ContribsGH-A
The third way to implement a REST-API in Scala. Asynchronous version using Akka.
1. Introduction
This fourth post of the series started here, will explain in detail parts of our third solution to a software development problem consisting in:
The implementation of a REST service based on the GitHub REST API v3 that responds to a GET request at port 8080 and address /org/{org_name}contributors
with a list of the contributors and the total number of their contributions to all repositories of the GitHub organization given by the org_name
part of the URL.
As explained in the initial post, our solutions to the problem share a structure consisting of a REST client, a REST server, and a processing module. The difference between solutions reside mainly in the processing module, which in the third solution makes use of Akka actors to perform asynchronously the calls to the REST client, in order to overcome the inefficiency of the first (completely synchronous) solution. The code of this third solution can be downloaded from ContribsGH-A.
This post will explain in detail the processing module of the third solution. To better understand that explanation, it may be useful to give a very general explanation of Akka first.
2. Akka as a platform for developing concurrent and distributed systems.
Basically, Akka actors are distributed objects with (adjustable) behavior and (protected) state. A system is a collection of collaborating actors.
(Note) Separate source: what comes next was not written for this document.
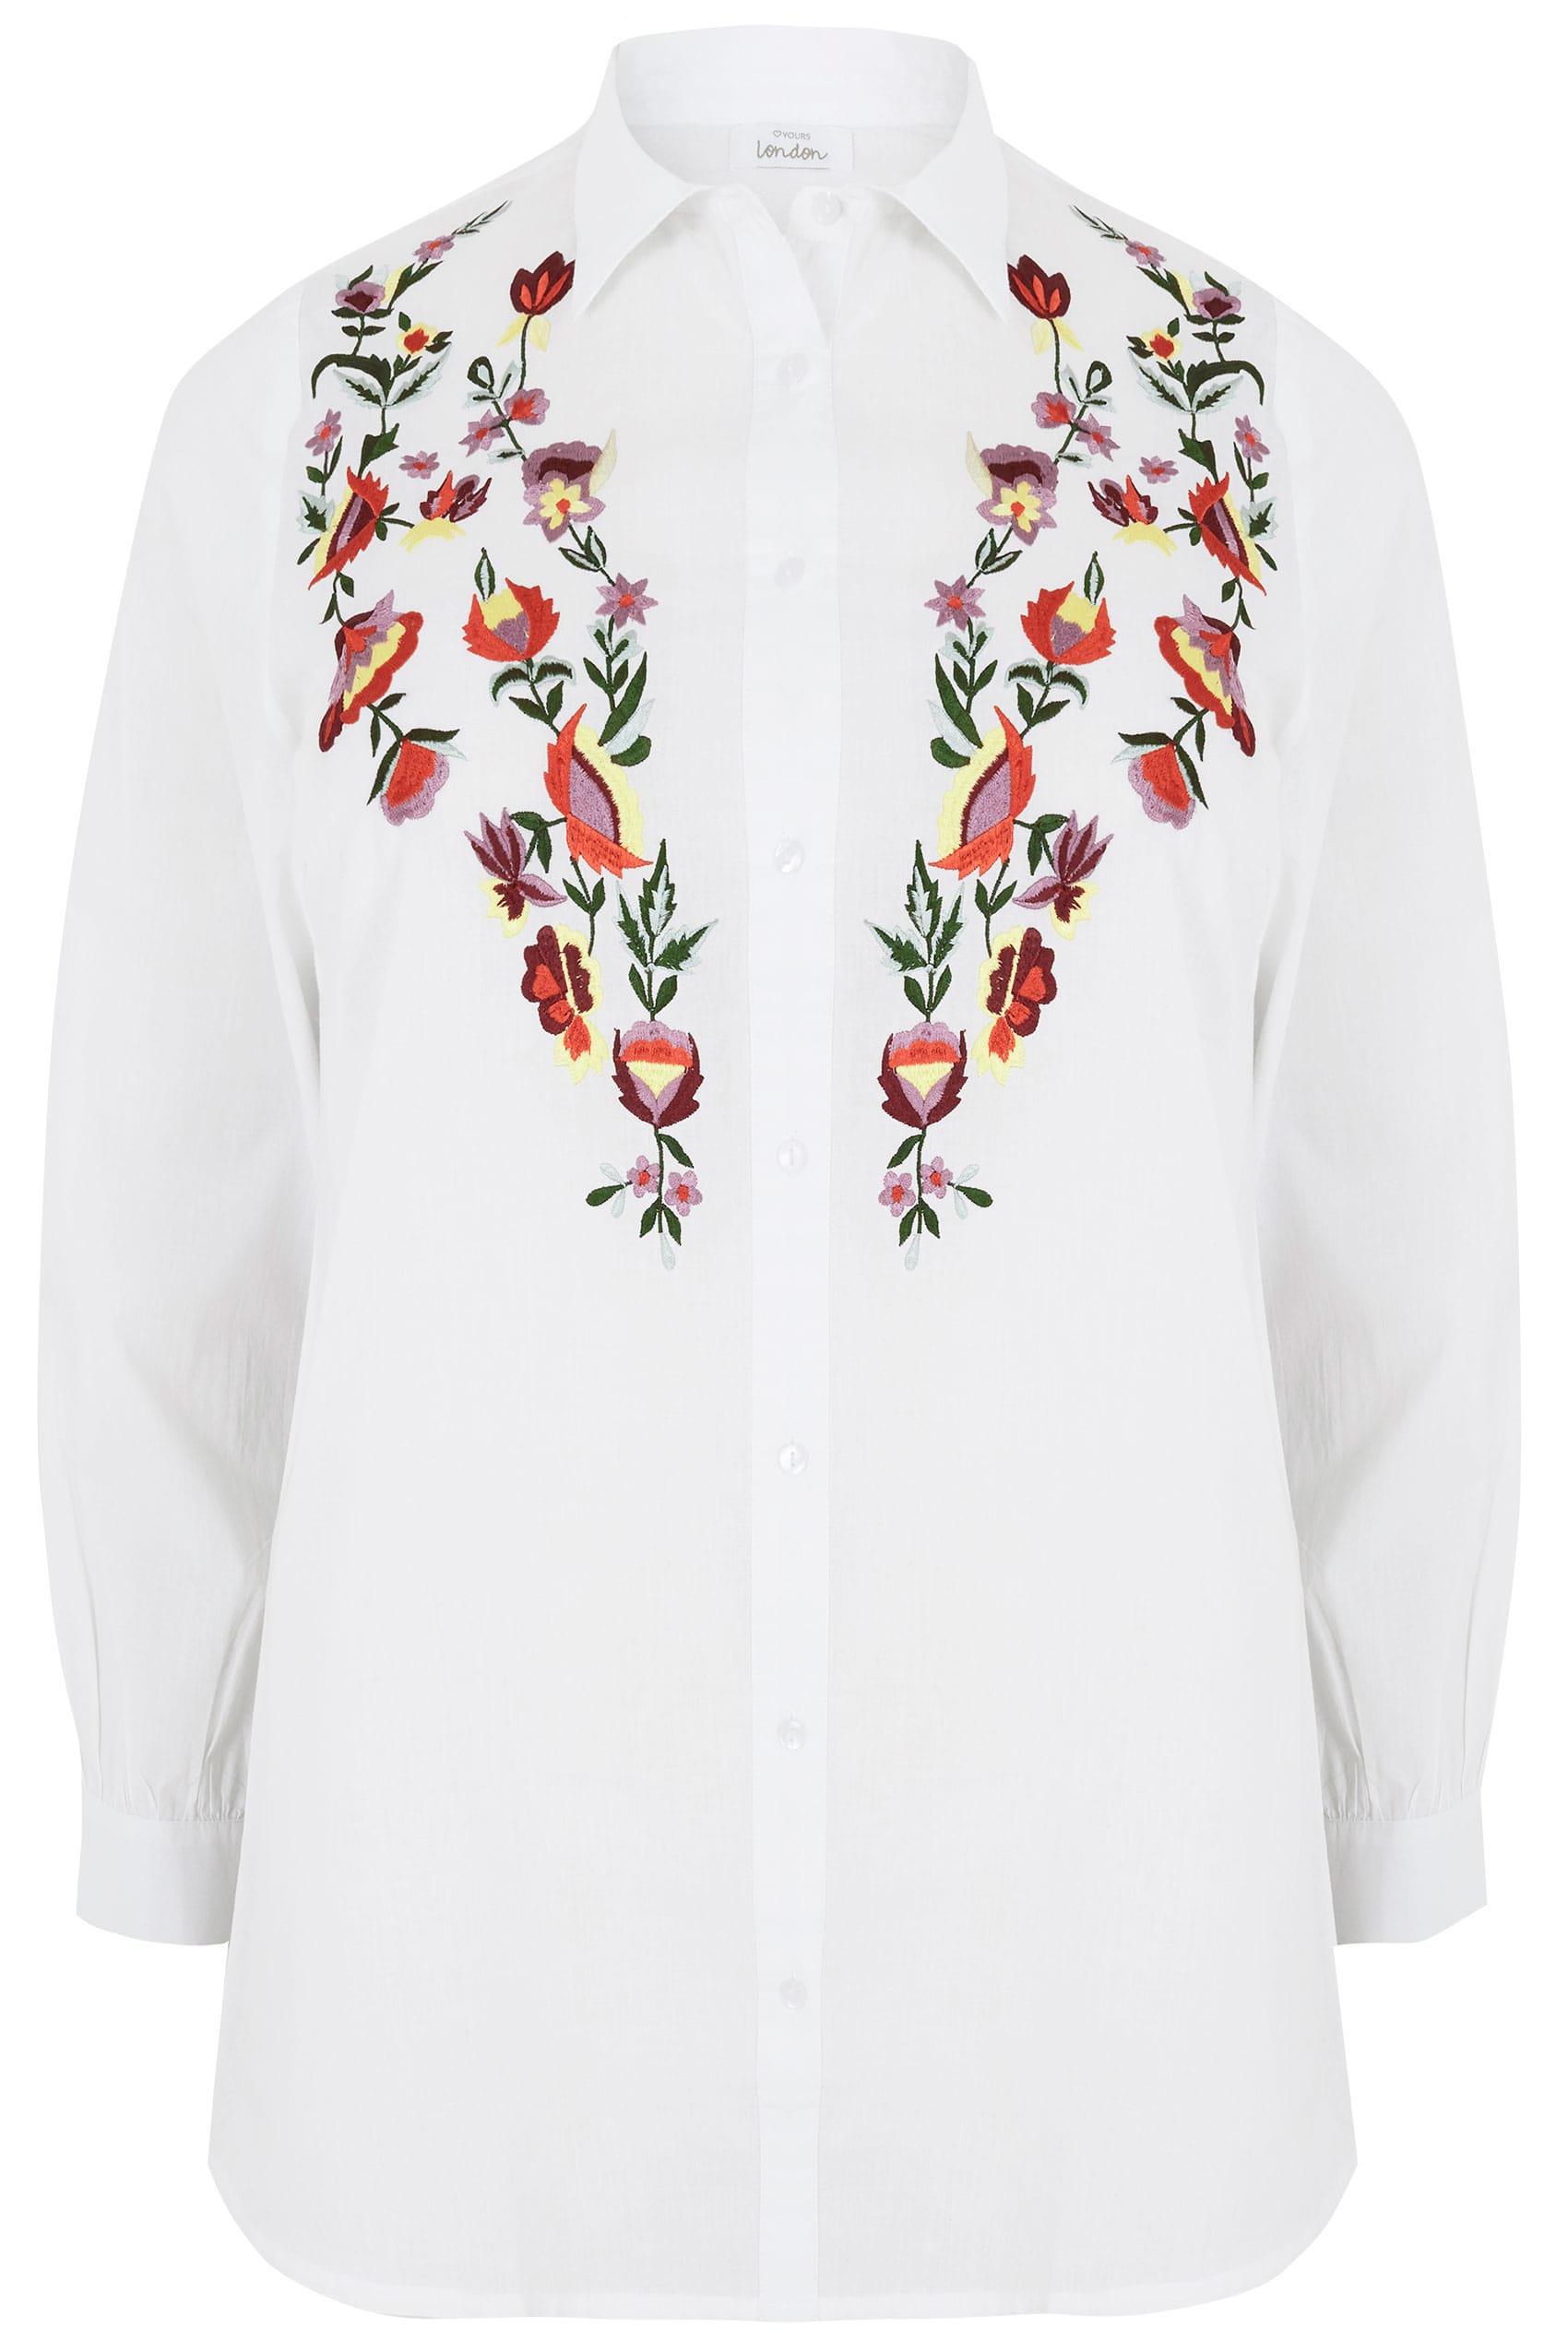 YOURS LONDON White Floral Embroidered Shirt, plus size 16 to 36

In Akka, the processes of a system are implemented using a mechanism of message-passing among its actors using only actor references (actor instances are never accessed directly), and the messages themselves (objects of classes defined specifically for the system’s purposes). The messages addressed to a given actor are stored in a mailbox (one for every actor) from where they are extracted for processing by a scheduler. The mailbox is accessed by the scheduler using a queue (first-in, first-out) discipline.
Actors may have mutable state. This doesn’t imply the inconsistency risks typical of shared state in concurrent systems, because state is encapsulated within actors (the only way to determine an actor’s state is by sending it a message and seeing how it responds), and the messages are guaranteed by an Akka actor system to be processed in a one-at-a-time fashion.
During the processing of a message an actor can send messages to other actors and even create new actors, besides changing its internal state and/or its behavior.
Message processing happens in a “single-threaded illusion” with no concerns for the developer regarding locks, synchronization or any other low-level concurrency primitives. The actor receiving a message is totally decoupled
from the actor that originated the message.
Akka actors are distributed by default, they go from remote to local by means of an (automatic) process of optimization. In turn, going from parallel to distributed is, in practical terms, “just a matter of configuration”, i.e. it doesn’t
imply any changes to the code implementing the actors’ behavior.
Actors are organized in a hierarchy. Each actor has a parent and can create child actors, top-level actors are children of the so-called “guardian” (a predefined root-level actor).
There are many patterns to model the interaction between actors. We will use two of the most well-known: the tell pattern and the ask pattern.
The tell pattern is a “fire-and-forget” way of communication, where the actor originating the interaction sends to the receiving actor a message meant to be processed in a completely asynchronous way (i.e. where and when the receiving actor “decides” to process the message) while the originating actor continues to do their own work. After the message is sent, it’s impossible to know if its processing succeeded or failed or even if it was received at all.
The ask pattern, instead, implements a “request-response” way of communication, where the originating actor sends a request and gets the `Future` of a response from the receiving actor. There are two variants of these pattern, the first when the request message is sent by an actor (i.e. an object internal to the actor system) and the second when the request message is sent by an object external to the actor system. In our processing module we will use both variants of the ask pattern.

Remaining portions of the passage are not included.